Another pair of Bluebirds has been building a nest in the backyard Martin house, but their progress has been slow and erratic, as if they’re not too sure they want to move in, or maybe they forget what they’re doing. They might be related to the mentally challenged dummies from the front yard.
I found a dead Red Bellied Woodpecker in the yard today. It showed no sign of injuries, so I have no idea what killed it, but its mate has been calling all day from the dead tree where they had chiseled out a home.

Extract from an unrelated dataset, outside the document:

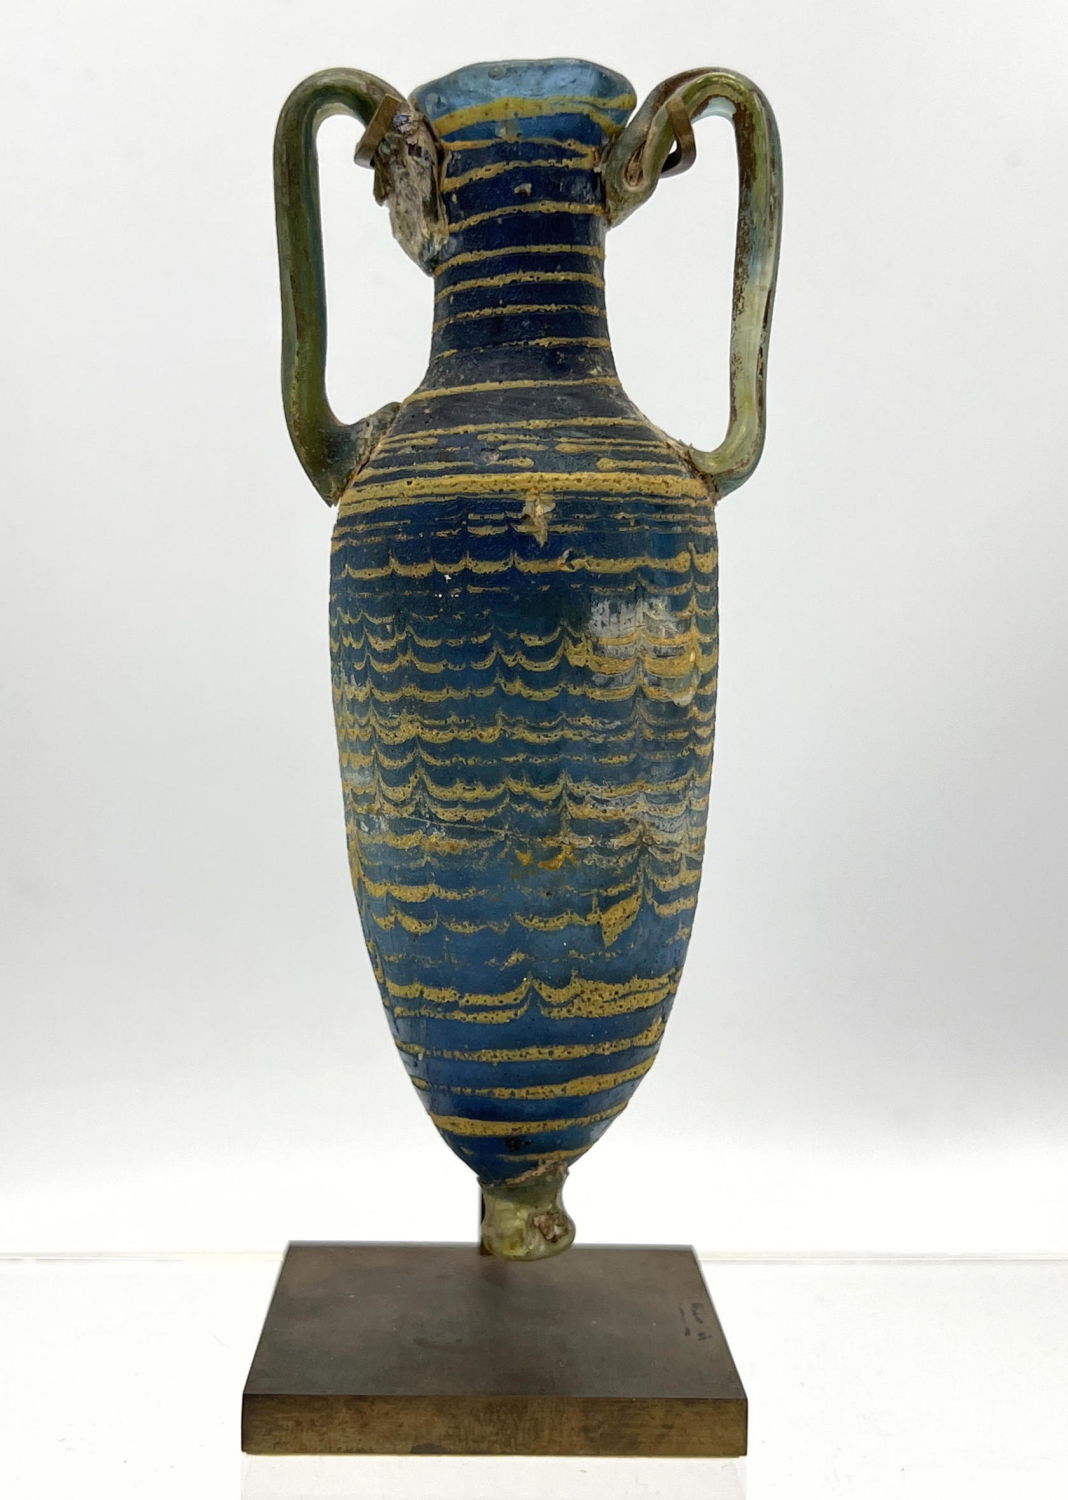 Unusual turquoise amphora vessel

Final bird report. Last fall, a male Carolina Wren began spending nights in a fern that was hanging on the patio. When the cold weather arrived, the fern froze and stopped providing much cover for the wren. I felt sorry for the little guy, so I cut a hole in a plastic bucket and hung it beside the fern. The wren moved in immediately and spent the rest of the winter roosting in the bucket at nights. He must have really liked his accomodations, because he has now built a nest inside. I suppose that ugly bucket will have to hang there for the entire nesting season!
I ordered 12 yards of pine bark mulch and 10 yards of topsoil to be delivered Wednesday, so I’ll have enough work to keep me busy for a couple of weeks. Wore myself out cleaning a bunch of weeds from the flower beds today, so I’m ready to mulch...after I rest a couple of days.